骨盤臓器脱は、薬や手術での改善が可能です。しかしながら、数日間の入院が必要になり、小さな子どもがいる女性や忙しい女性にとっては、早期解決が難しいでしょう。そのため、骨盤臓器脱は、未然に防ぐことが重要です。骨盤の歪みとともに、骨盤底筋を整えるように意識しましょう。
骨盤に関する噂
骨盤を調べてみると、まことしやかに囁かれている噂が存在します。そこで本項では、骨盤に関する噂の真相をご紹介しましょう。ダイエットやボディラインに関する噂も存在しますので、美しさに興味がある人はぜひ参考にしてくださいね。
女性の方が脚が長い
骨盤の形状や大腿骨の角度の違いから、女性の方が脚が長いといった噂が存在します。この噂は、間違いです。身長と股下の長さを測定し、比率を算出した股下比率は、男性が平均45%、女性は44%でした。股下比率の数値が高ければ脚が長く、数値が低い場合は脚が短いと判断します。つまり、男性の方が、やや脚が長いということです。ちなみに、日本で活躍する女性モデルの股下比率は、50%前後だと言われています。
骨盤の幅を狭くする方法がある
臀部や下半身の膨らみを気にして、骨盤の幅を狭くしたいと思っている人は、少なからず存在します。

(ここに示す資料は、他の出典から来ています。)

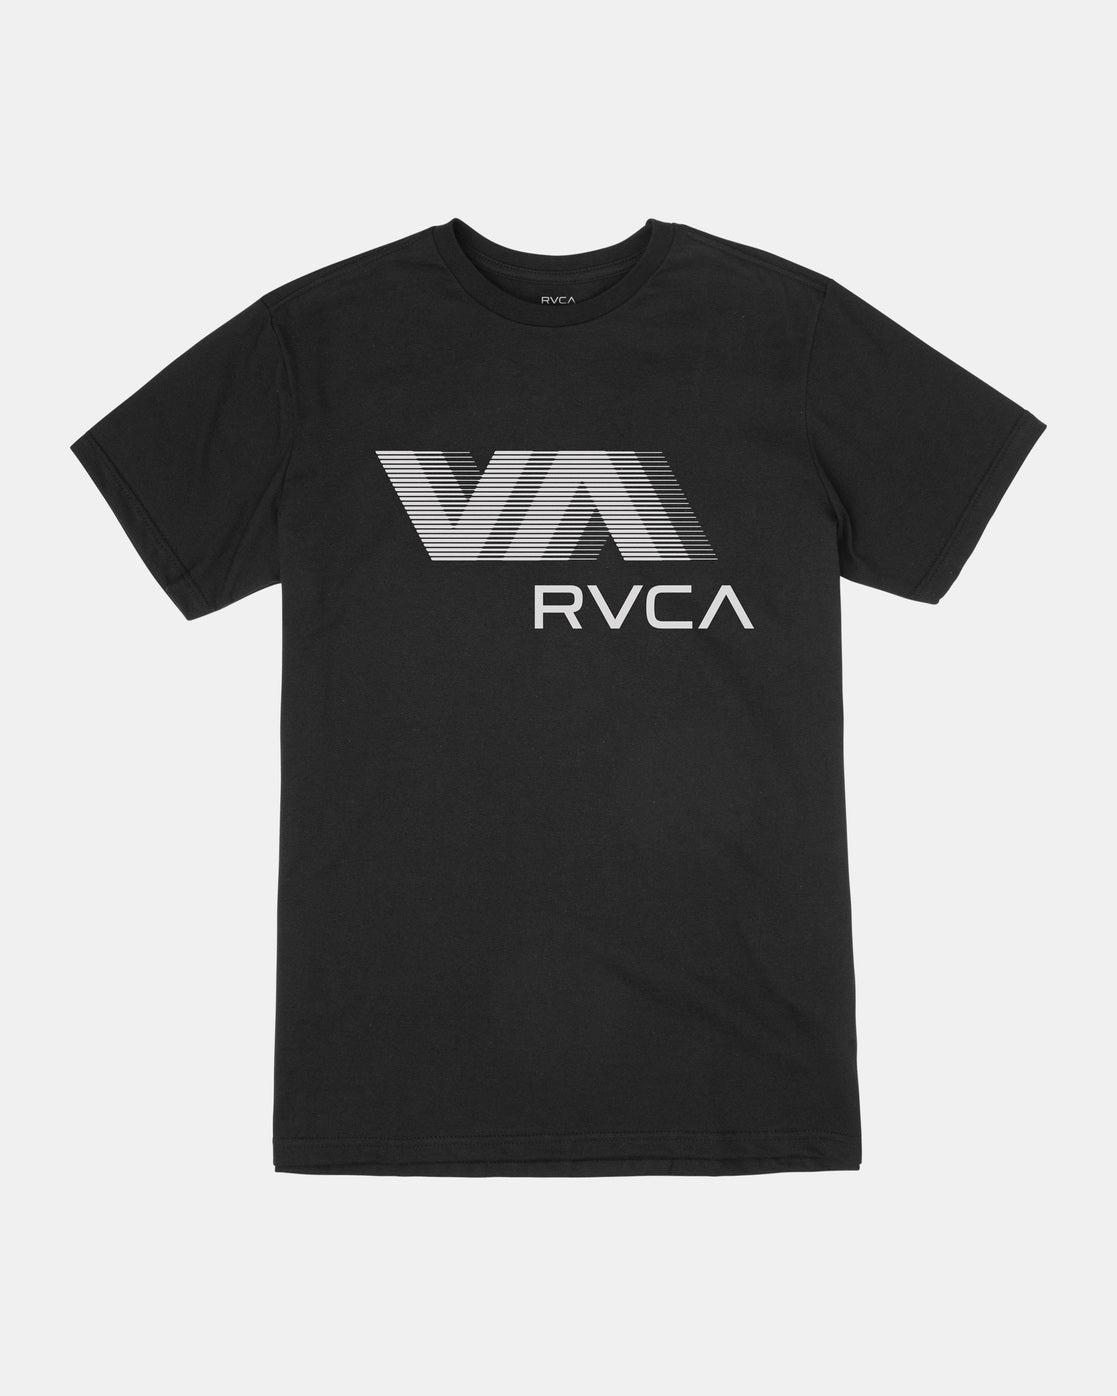 VA RVCA Blur Tee - Athletic Heather

その中で、「骨盤矯正で骨盤の幅を狭くできる」と考えている人がいるのです。
骨盤矯正は、骨盤の位置を適切な場所に戻し維持するための方法であり、骨の形そのものを変形させるような施術ではありません。骨盤をはじめ、人間の身体を形成する骨は、人力のみで変形することはないのです。そのため、エステや関連マシンの謳い文句として「骨を縮小させる」などが紹介されている店舗には、十分に注意しましょう。
韓国では骨盤を大きくする施術が人気になっている
美容大国として知られる韓国では、骨盤を大きくする施術が流行りつつあるのです。骨盤が大きくなると臀部にボリュームが出て、女性らしい身体つきになれると話題になっています。
その名も、骨盤フィラーと呼ばれる施術であり、骨盤にヒアルロン酸を注入する方法です。ヒップディップスと呼ばれることもあり、お尻のへこみを直したり、曲線をより美しく整えることを目的として利用する人もいます。
また、アメリカでもヒップアップ整形が流行っているのですが、韓国の整形手術とは異なるものです。アメリカのヒップアップ整形は、インプラントを挿入したり、シリコンを注入します。日本でも、類似する豊尻手術がありますが、日本の場合は脂肪を注入または吸引する方法です。
骨盤は性別によって特徴が異なる部位!
骨盤は、男性・女性によって形状や役割、生じるリスクが異なる部位です。特に女性の場合、骨盤や骨盤底筋群の不調により、臓器が体外に露出する骨盤臓器脱などのリスクが存在します。そのため、骨盤や周辺筋肉を適切に鍛え、整えておかなければなりません。また、デリケートで重要な部位のため、美容整形や矯正グッズの使用は、慎重に選択するようにしましょう。